Auto insurers hoping to keep rates under control can look forward to a happy new year. As Jan. 1, 2010 quickly approaches, Illinois, Kansas, New Hampshire and Oregon are all preparing to enforce stronger laws regarding cell phone use and texting, says Property Casualty Insurers Association of America (PCI).
Of the four state with stronger laws set to take effect on New Year’s Day, Oregon goes the farthest by banning the use of hand held devices and texting for all drivers. The Oregon law also prohibits people under age 18 from using any type of cell phone while driving, while Illinois is placing new restrictions on hand held devices and bans their use in construction and school zones. Kansas is implementing a ban on all cell phone use and texting for young drivers who have learner's permits and intermediate licenses. New Hampshire is cracking down on texting and implements a ban on this activity for all drivers.
According to the Insurance Institute for Highway Safety, there are statewide bans on driving while talking on a hand-held cell phone in seven states (California, Connecticut, New Jersey, New York, Oregon, Utah and Washington) and the District of Columbia.

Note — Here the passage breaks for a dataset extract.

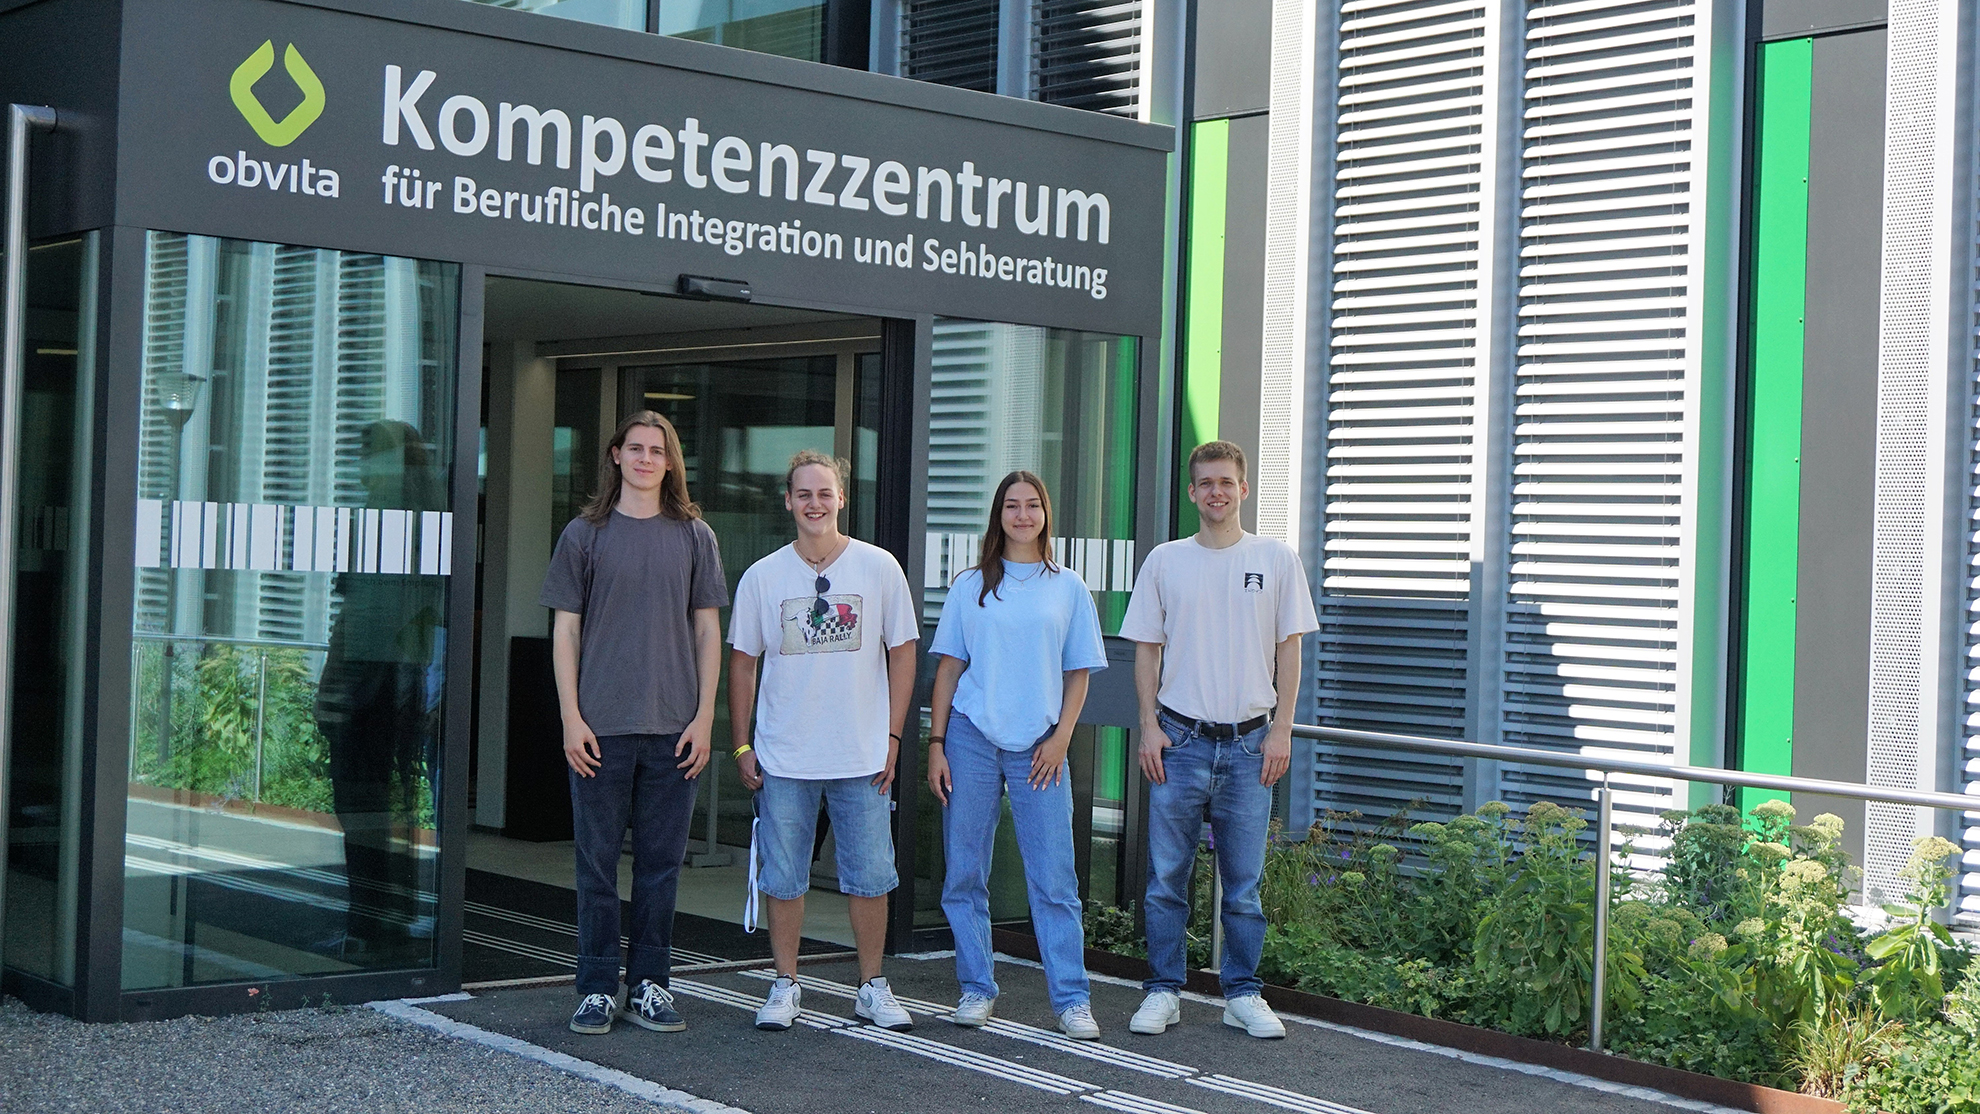 Dialogerin und Dialoger beim Eingang zum obvita-Kompetenzzentrum in St. Gallen

Text messaging is banned for all drivers in 19 states and the District of Columbia. In addition, novice drivers are banned from texting in nine states (Delaware, Indiana, Kansas, Maine, Mississippi, Missouri, Nebraska, Texas and West Virginia).
“These four states are joining a growing number states and localities that are implementing or strengthening restrictions on cell phone use and texting,” says Robert Passmore, senior director of personal lines for PCI. "In 2009, 17 states implemented or strengthened cell phone and texting laws. The enactment of these laws is positive; however it takes a coordinated strategy combining education and enforcement to get results. All drivers have a responsibility to exercise good judgment in all of their driving activities and cell phone use only represents one of a laundry list of distractions that can lead to a crash."
The National Highway Traffic Safety Administration reports that nearly 6,000 people died in 2008 in crashes involving a distracted or inattentive driver, and more than half a million were injured. Research also shows that the worst offenders are the youngest and least experienced drivers: men and women under 20 years of age.